Köy okulları giderek kapatılıyor. Köyden kente göç etmek zorunda kalan yoksul ailelerin çocukları, işçi emekçi çocukları, göçmen ve mülteci çocuklar da artan masrafları karşılanamadığı için örgün eğitimin dışına çıkmak zorunda kalıyor. Ellerini ovuşturarak bekleyen cemaat ve tarikatlar da maddi olanağı olmayan birçok ailenin çocuklarını yurtlarına yerleştirip çocuk ihmal ve istismarını uygularken iktidar bu yurtların yasal güvencesini hazırlıyor. Avucunu ovuşturan tabii ki sadece tarikat ve cemaatler değil. Sermayede durumdan oldukça memnun. Çocukların örgün eğitim dışına çıkması sermayeye için ucuz iş gücü olarak geri dönüyor. Muhafazakâr- neoliberal eğitim politikasını uygulayan Milli Eğitim Bakanı Yusuf Tekin, katıldığı TÜSİAD’ın “Geleceğimiz İçin Eğitimi Birlikte Konuşmak” konferansındaki konuşmasında meslek lisesine giden öğrenci sayısın artmasıyla övündü ve Mesleki Ortaokul açacağını söyledi. Bakanlık sitesinden de Bursa, Sivas, Konya ve Burdur’un yer aldığı dört ilde ilk uygulamanın başlayacağını övünçle yayınladı.
Meslek okullarında staj adı altında çok düşük ücretlerle ve ağır çalışma koşulları altında çalıştırılan 15 yaş üstü çocuk varken çocukların devlet kontrolünde sömürülmesini böylece 12 yaşına kadar indirmiş oldular.
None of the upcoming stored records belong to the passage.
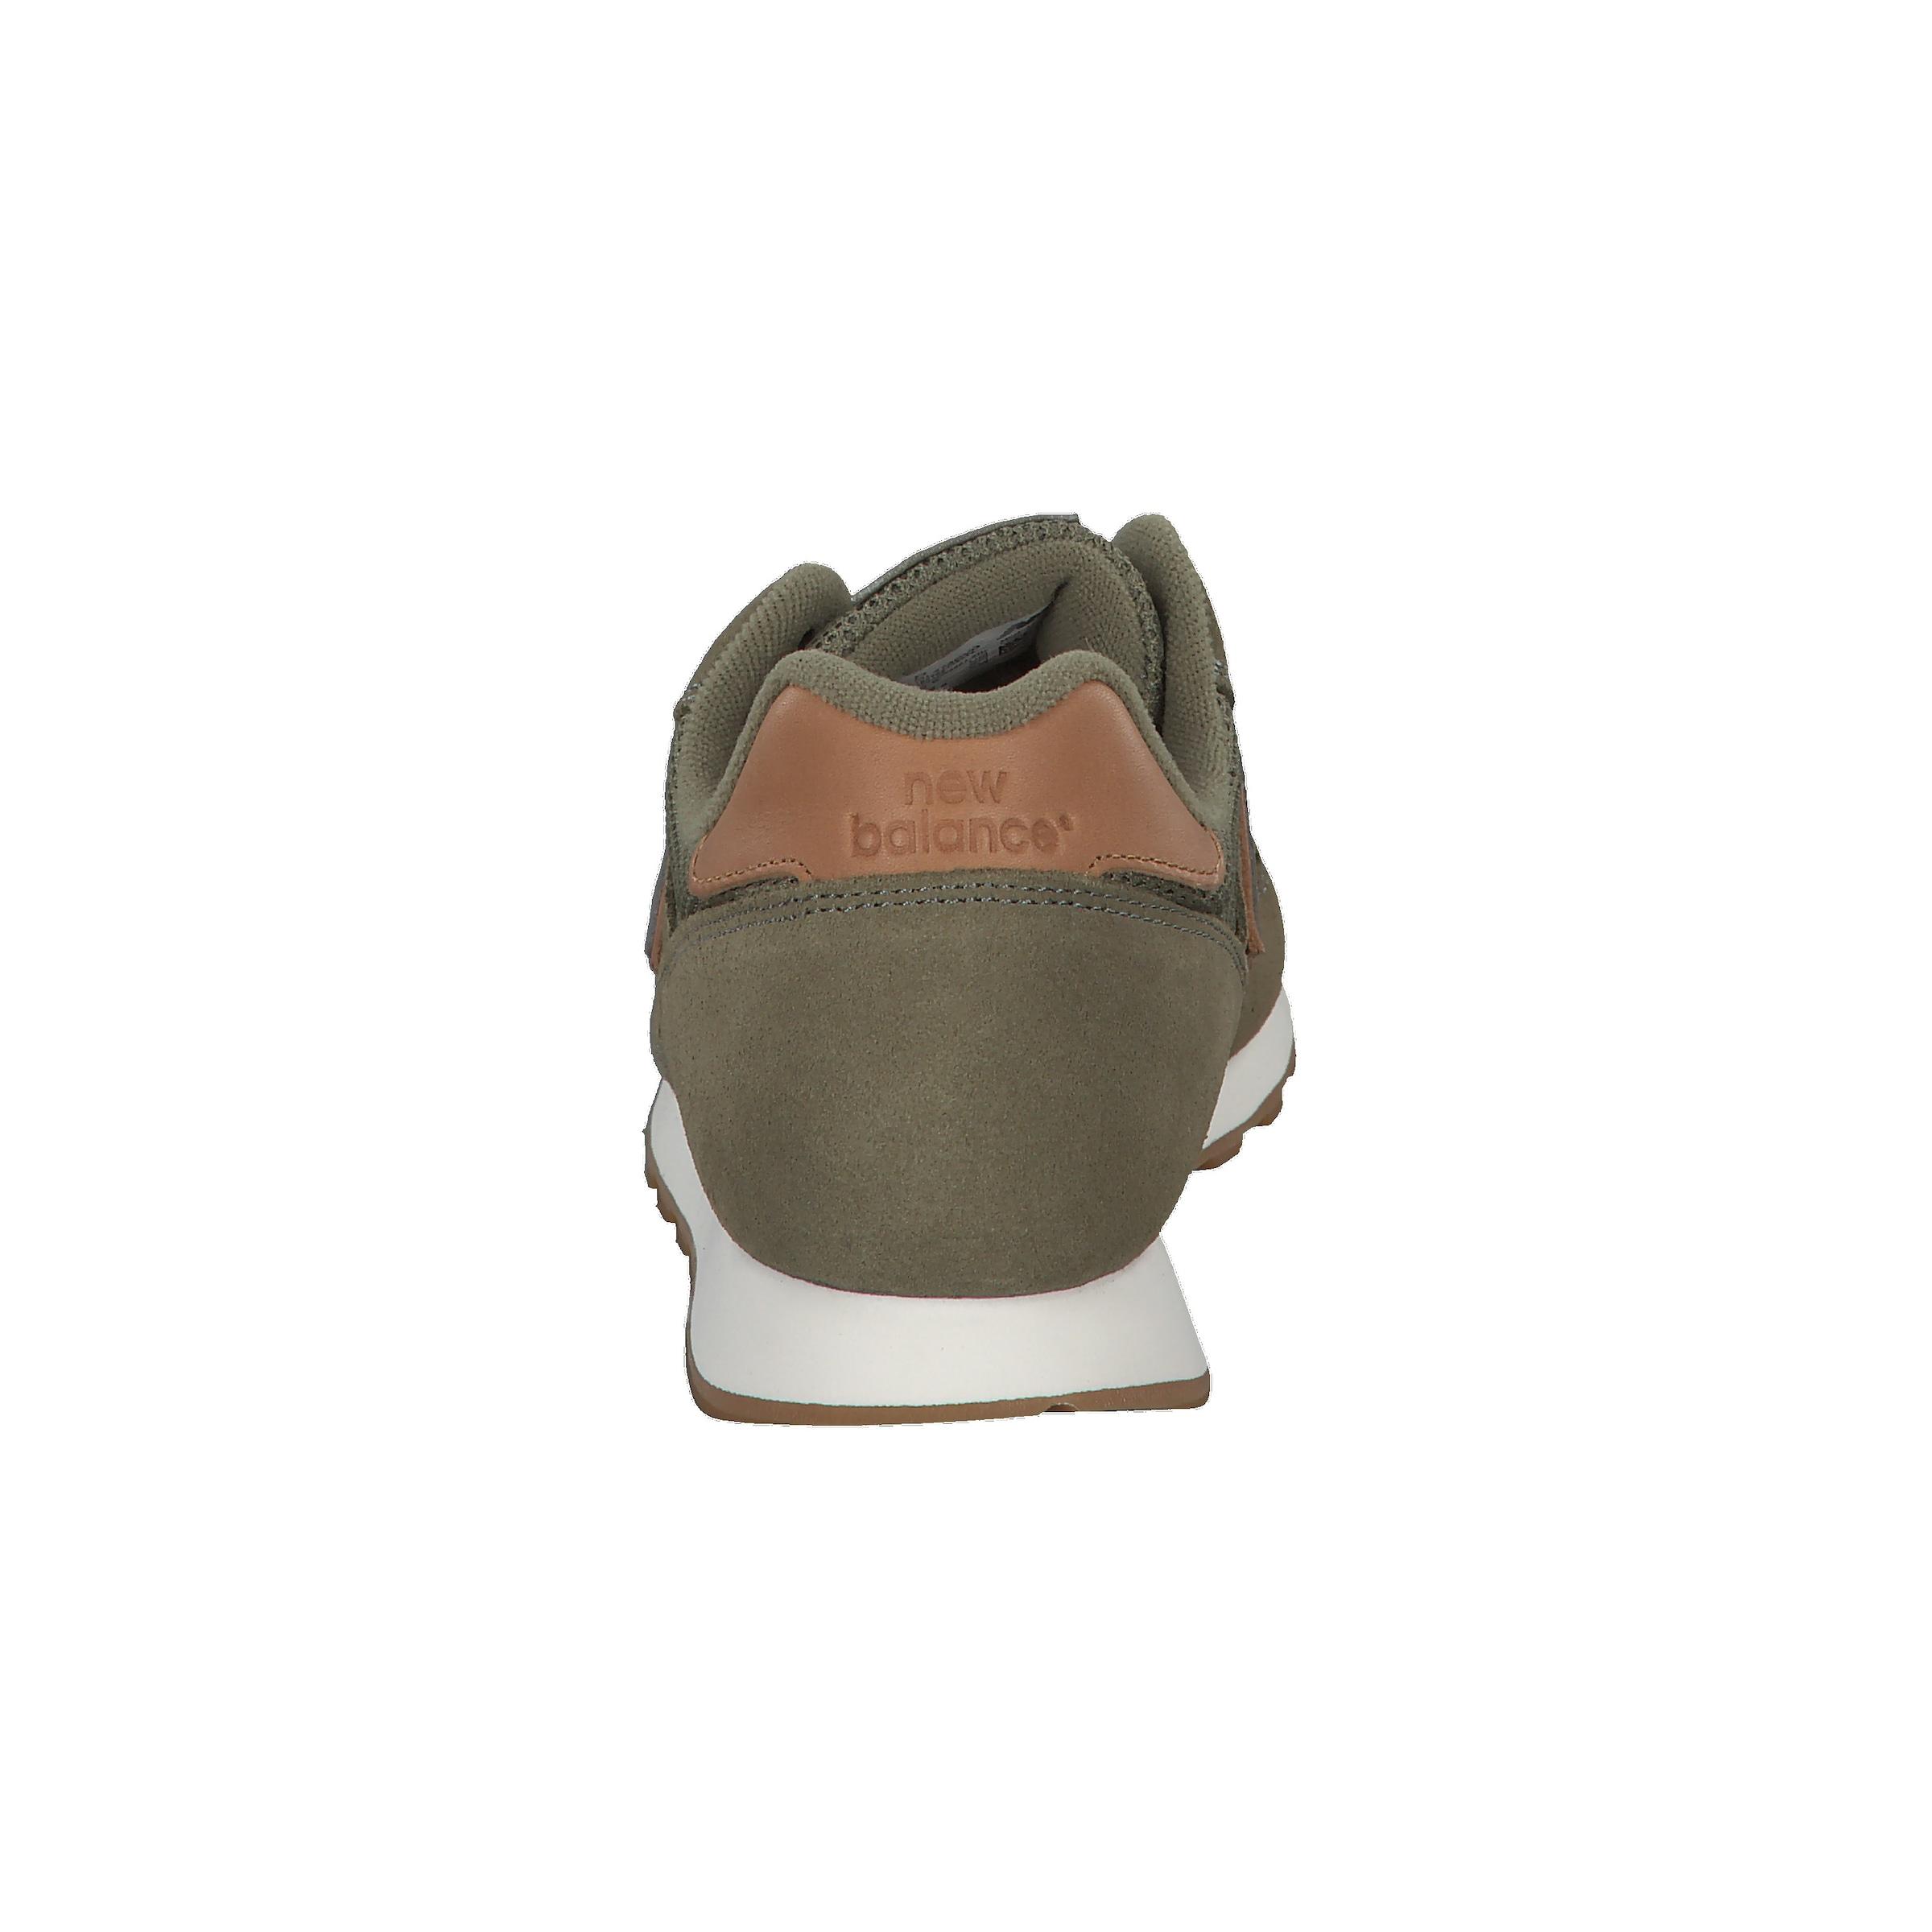 BraunKhaki Balance Weiß Sneaker In New mvN08wn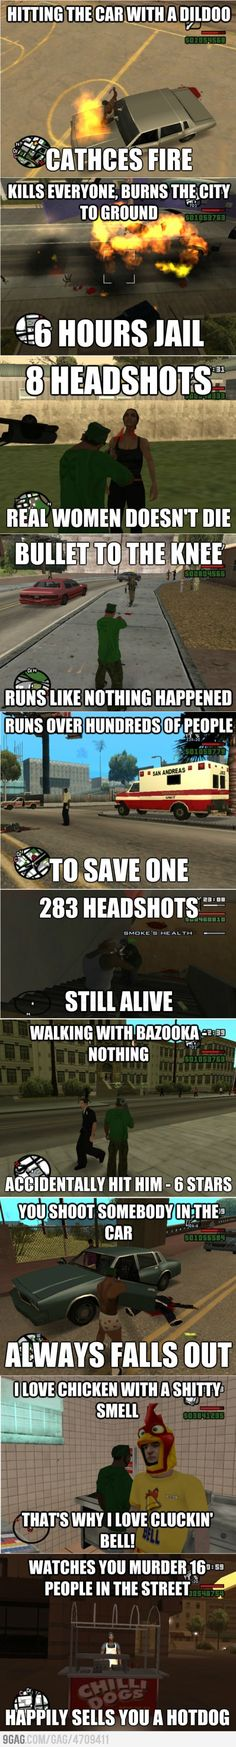 GTA SA logic...bahahhah! love this gameeee!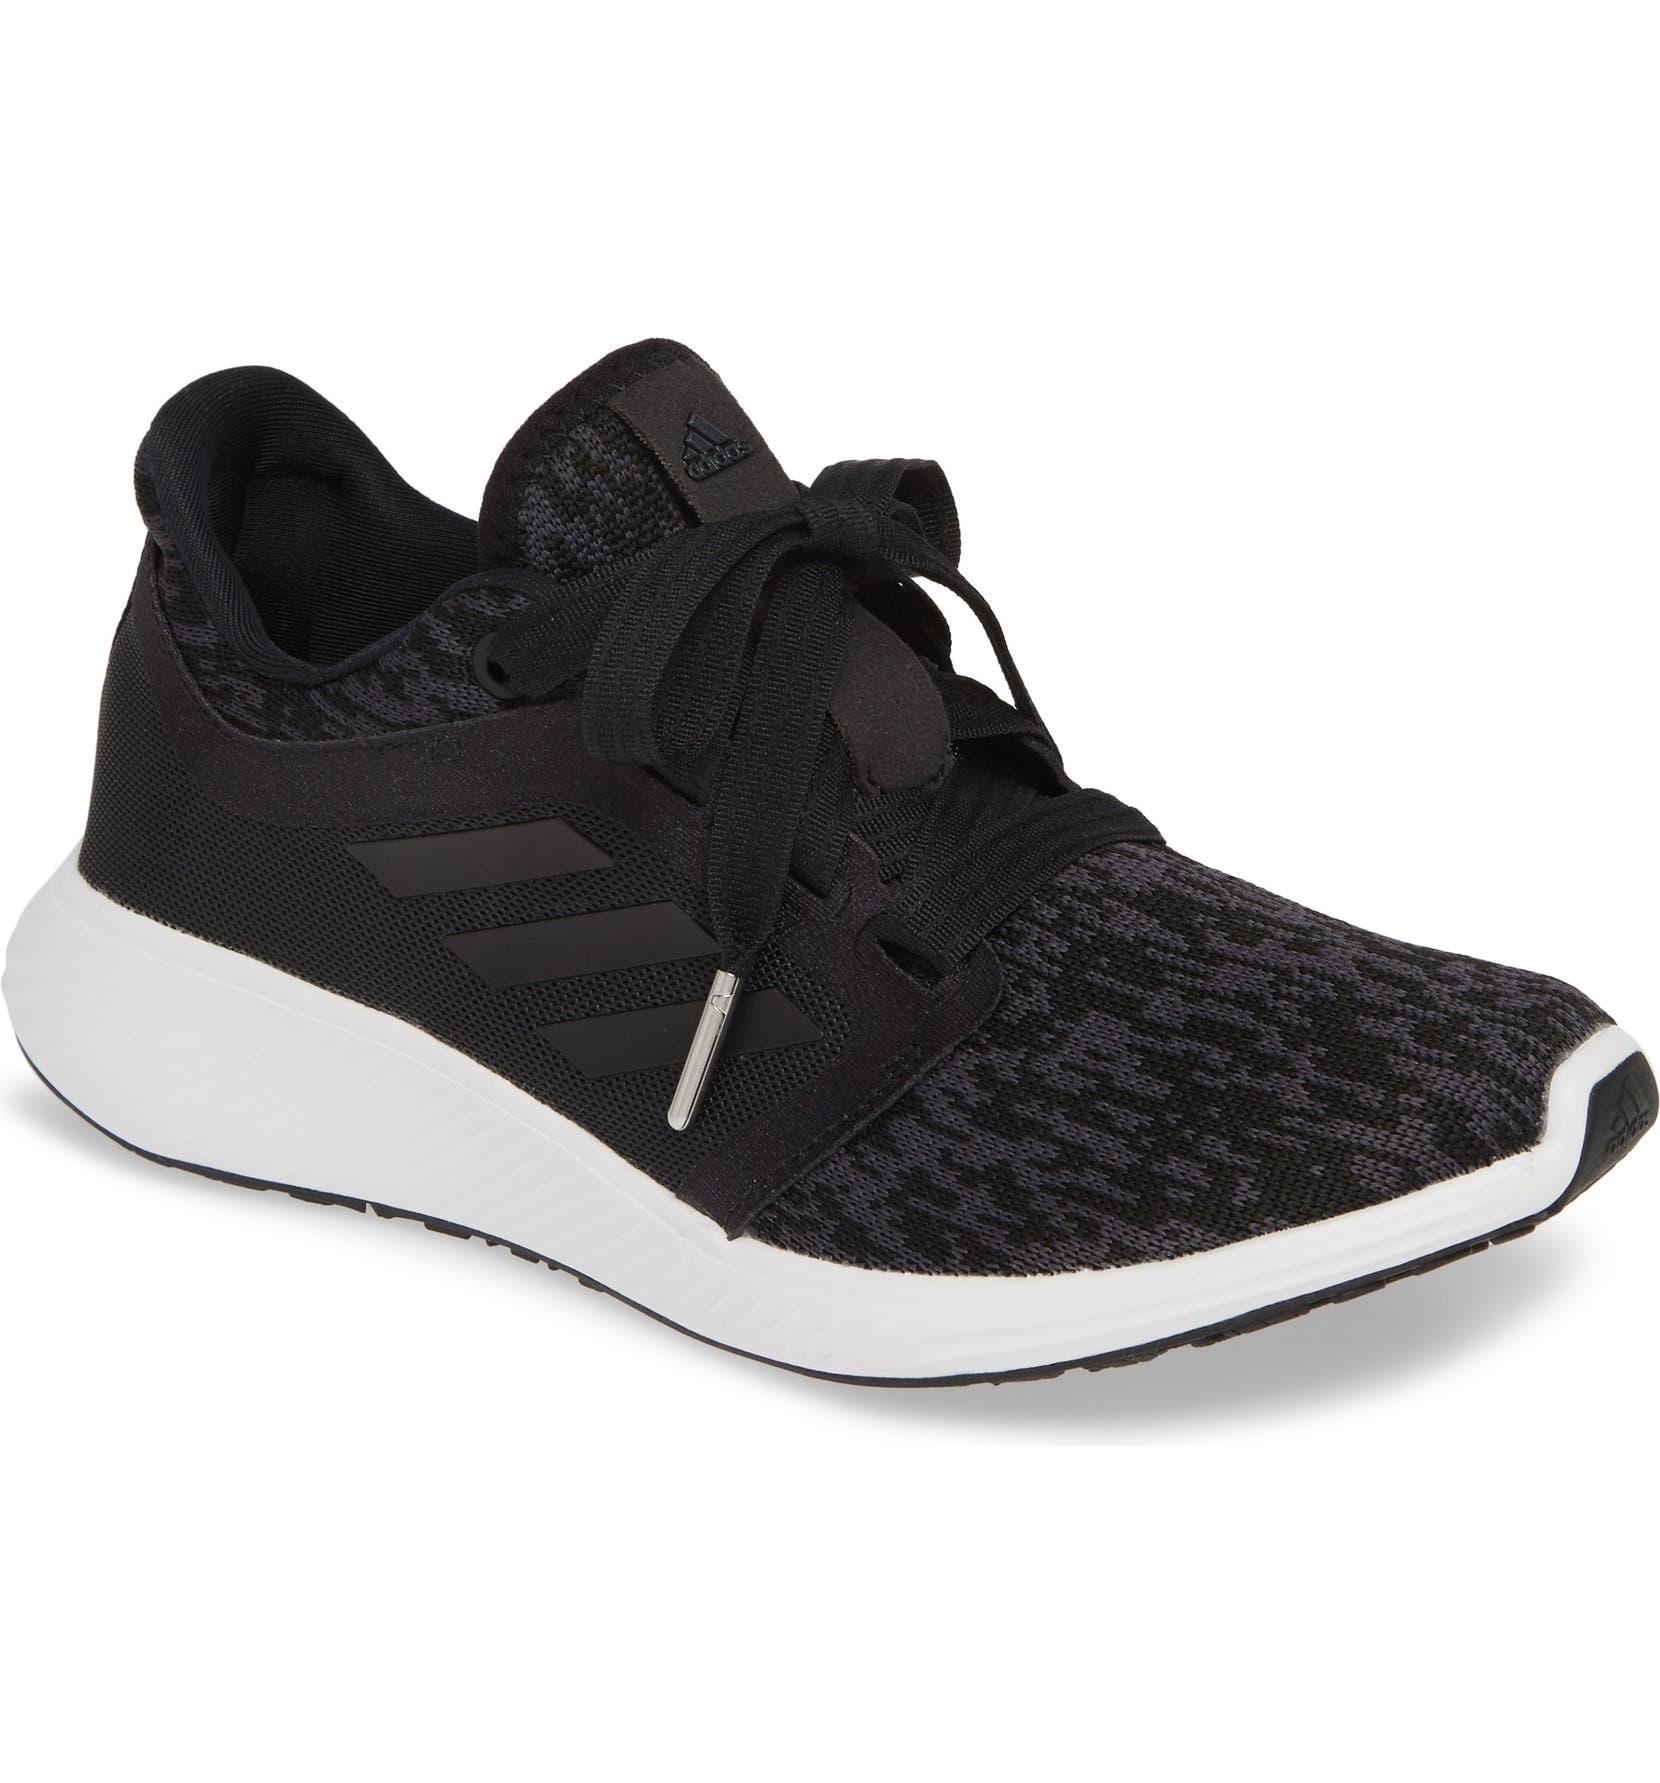 a5ee8fe2213 adidas Edge Lux 3 Running Shoe (Women)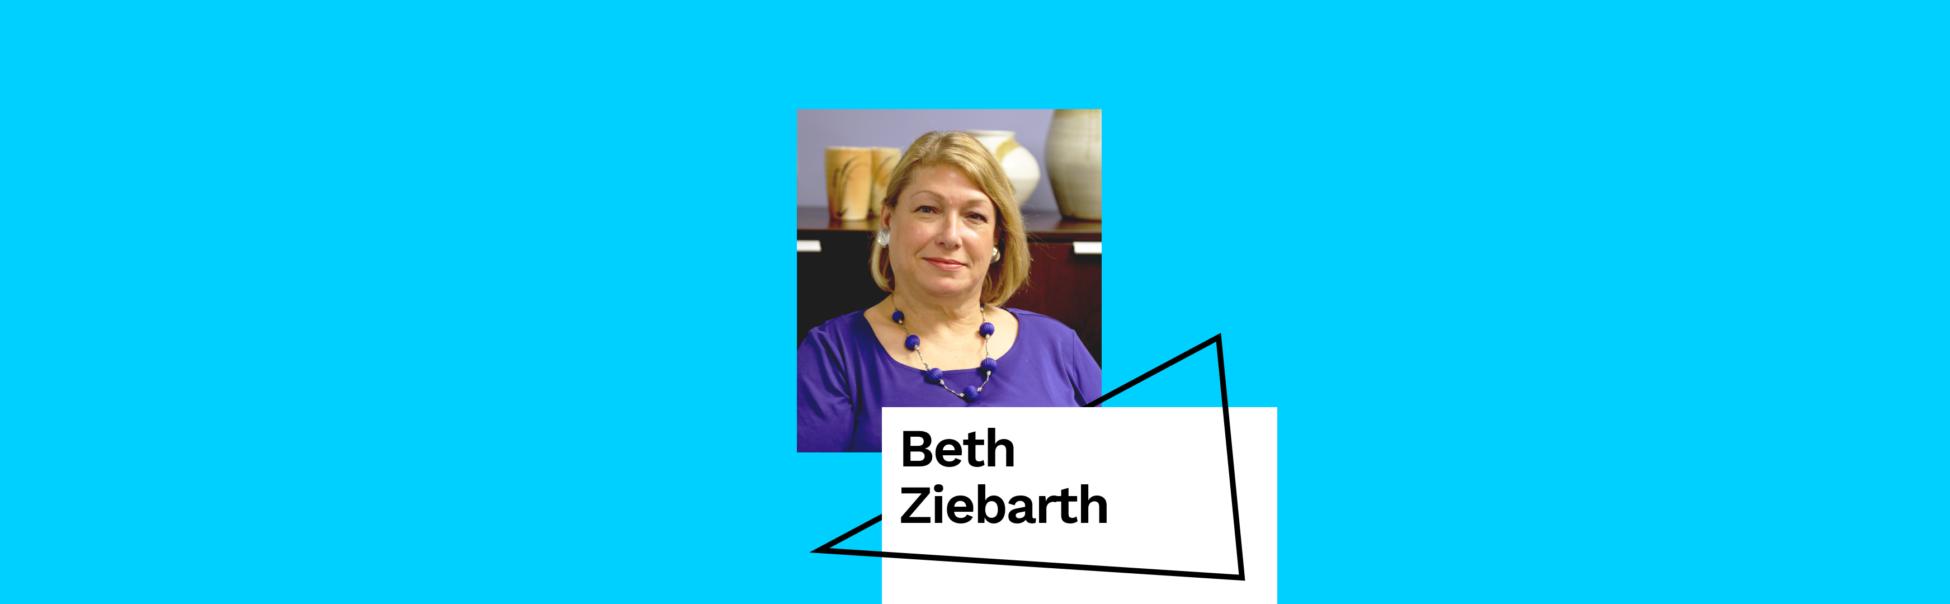 Beth Ziebarth

Bunun da dışında devam eden MESEM uygulamasında şu ana kadar iş yerlerinde 9 çocuk iş cinayetinde öldü. İş kazasına uğrayan çocukların sayısı ise bilinmiyor. Her çocuk devlet güvencesi altında çocuk olmasından doğan haklarını kullanması gerekirken, devlet güvencesi altında ya tarikat yurtlarında kötü muamele görüyor ya da sermayeye ucuz ve masrafsız iş gücü olarak sunuluyor.
Eğitim Sen’in 2024-2025 Eğitim-Öğretim Yılı sonunda Eğitimin Durumu raporuna göre; “Resmi verilere göre Türkiye’de resmi ve özel okullarda zorunlu örgün eğitim sisteminde kayıtlı 17 milyon 558 bin 25 öğrenciden, 442 bin 643’ü sistemin dışındadır.” Eğitimin amacını bilim ve bilgiden azade tutarak emek gücünün yeniden üretimini arttırmaya bunun yanı sıra düşük ücretli, güvensiz, güvencesiz, sendikasız, tekçi, ağır çalışma koşullarına karşın sabretmeyi ve itaat etmeyi öğretmeyi hedefleyen bir sistem kuruldu. Yoksul halk çocuklarının örgün eğitim dışına çıkmasının yani okulu bırakmak sorunda kalmasının sebebi bugüne kadar uygulanan beceriksiz eğitim politikalarının değil sistemli ve bilinçli bir şekilde uygulanan muhafazakâr- neoliberal politikaların sonucudur.